Learn how to avoid plagiarism and cheating.

If you’re studying at Swinburne you need to be aware of our academic standards and what is considered academic misconduct.

Maintaining academic integrity

Find out what you need to understand about maintaining academic integrity. 

 

What is plagiarism?

Plagiarism is the practice of submitting or presenting the ideas, writing or other work of someone else, in whole or in part, as though it is your own work. That is, without proper acknowledgement of the source(s). Paraphrasing another person’s work without attribution is also plagiarism. The source of the work includes but is not limited to:

  • other students – current or former
  • a friend or tutor
  • anyone you have paid to produce the work
  • a written work or part thereof (including a webpage, book, article, database, pamphlet, brochure, journal, newspaper, lecture notes, etc.)
  • a computer program or part thereof
  • a musical composition, audio, visual, graphic or photographic work created by another person
  • realia (e.g. objects, insignia, artefacts, costumes, models and the like).

Examples of plagiarism

  • Copying paragraphs, sentences, a single sentence or significant parts of a sentence.
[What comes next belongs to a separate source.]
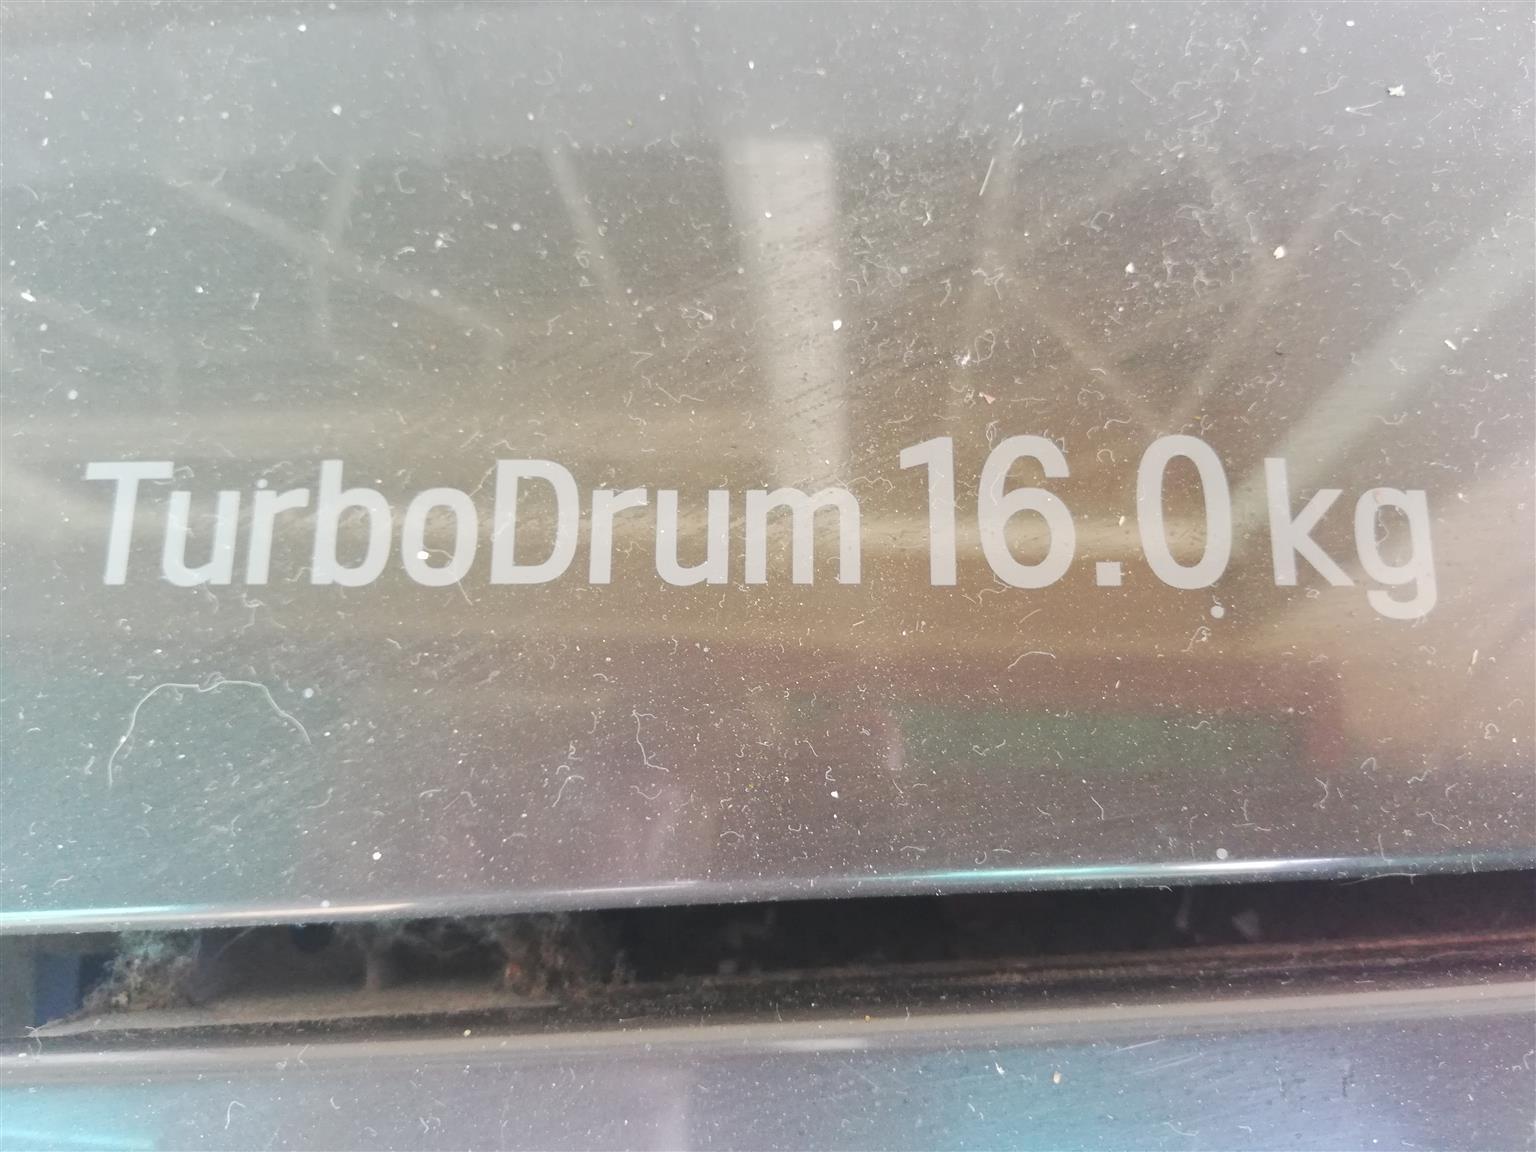 LG 16kg turbo drum washing machine

An end reference without quotation marks around the copied text may also constitute plagiarism.
  • Copying ideas, concepts, research results, statistical tables, computer programs, designs, images, sounds or text or any combination of these.
  • Paraphrasing another’s work closely, with minor changes but with the essential meaning, form and/or progression of ideas maintained.
  • Relying on a specific idea or interpretation that is not one’s own without identifying whose idea or interpretation it is.
  • Cutting or pasting statements from multiple sources or piecing together work of others and representing them as original work.
  • Presenting as independent, work done in collaboration with other people (e.g. another student, a tutor).
  • Submitting as one’s own, all or part of another student’s original work.

It is also plagiarism if you submit or present work as exclusively your own when it has been prepared with another person, without acknowledging the source, even if it is with the knowledge or consent of the other person.